那些个不知当中典故的小辈们听罢,个个点头表示受教。傅修耘更是拱手作揖道,“多谢世伯赐教!”话落,将那白玉酒杯举至鼻端,轻轻一嗅,一阵淡雅的香气喝着酒香沁入鼻端,不过一嗅间,便已觉微醺,不由赞道,“果真是香气宜人,沁人心脾啊!今回南下,所见各地风土人情不知凡几,所见所学那是久居京城绝对见不到,学不了的,当真是不虚此行!”
“古人言之,读万卷书不如行万里路,又有这见多识广一说,自然有他的道理!贤侄小小年纪,便能有此气度与见识,已是不凡,来日前途定然不可限量。”大老爷抚须赞道。
傅修耘自然又是谦虚地直道哪里,不敢。
边上三老爷微笑沉默着,自酿自酌了一杯,半垂下的眼帘遮掩了眸中深思。
那边女眷桌上,兰滢已经迫不及待喝了一口酒,便赞道,“哇!又香又甜,怪道与父亲平日里喝的那马尿不一样呢!”

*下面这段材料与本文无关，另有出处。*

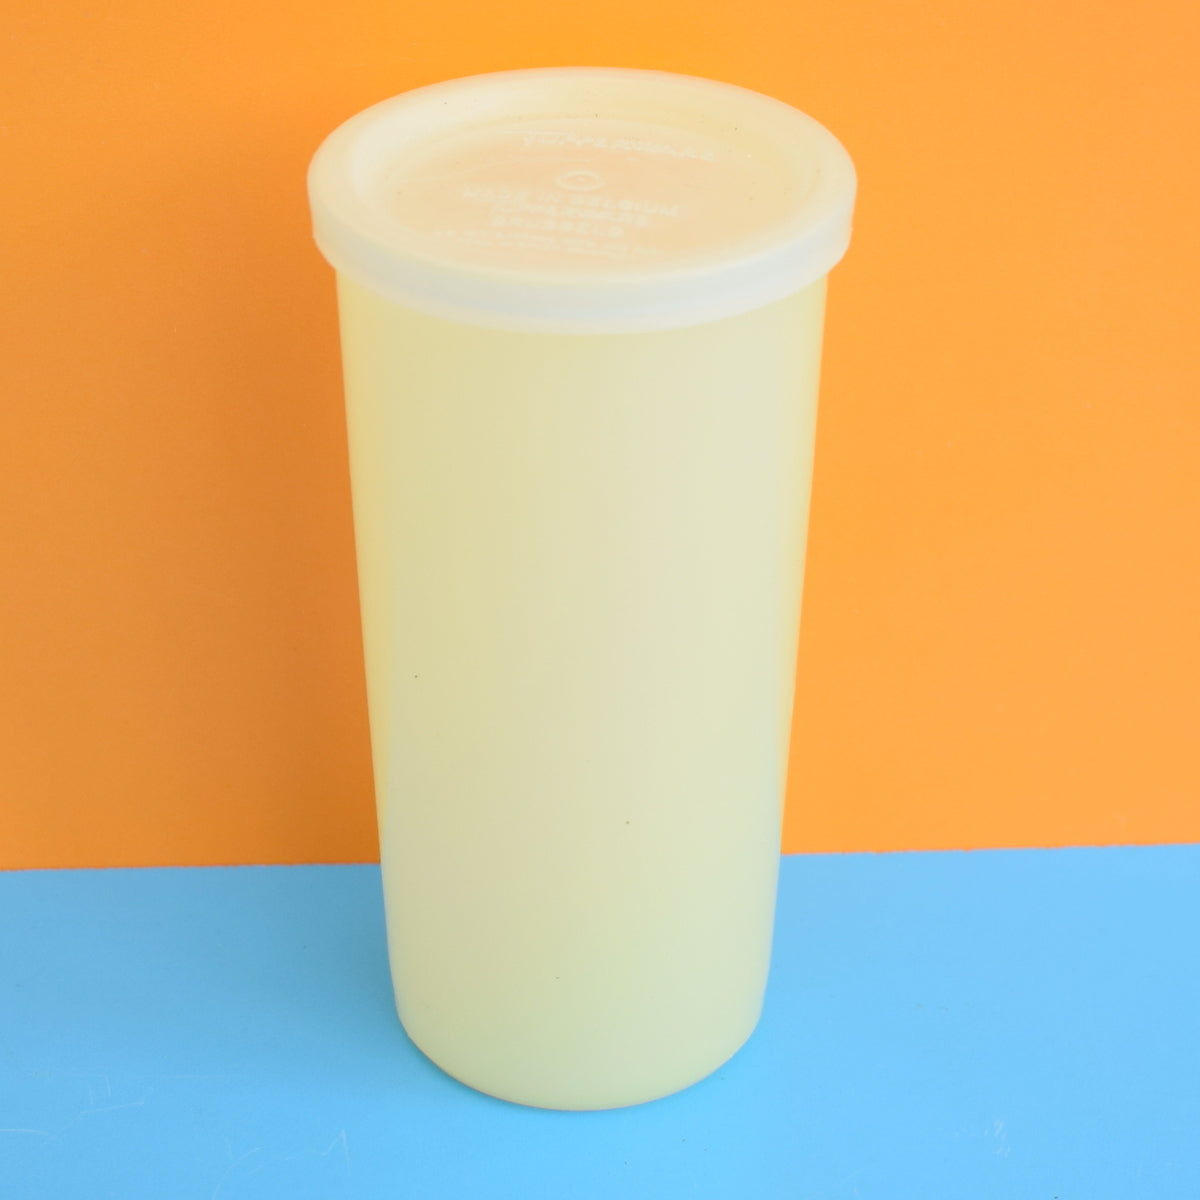 Vintage 1960s Plastic Tupperware Beakers - Pastel Shades

众人闻得这童言童语,先是一愣,反应过来后,个个忍俊不禁地哈哈大笑起来,意味深长的目光纷纷落在呵呵尴尬笑着,给大家劝酒的大老爷和红着脸轻拍了女儿一记的大太太身上。
你道为何有这一出?原来这大老爷平日里就爱这杯中之物,孝期当中已收敛许多,偶尔嘴馋了偷喝上一口,总要被大太太训上一出,言辞间便常带出“马尿”一词,这事本在府中也不是什么秘密,如今被自家女儿道出,却惹得兄弟妹、甚至侄儿、侄女们笑了一回,大太太自然便恼了。
“有女儿承欢膝下就是好啊,我呀,真是羡慕大嫂!”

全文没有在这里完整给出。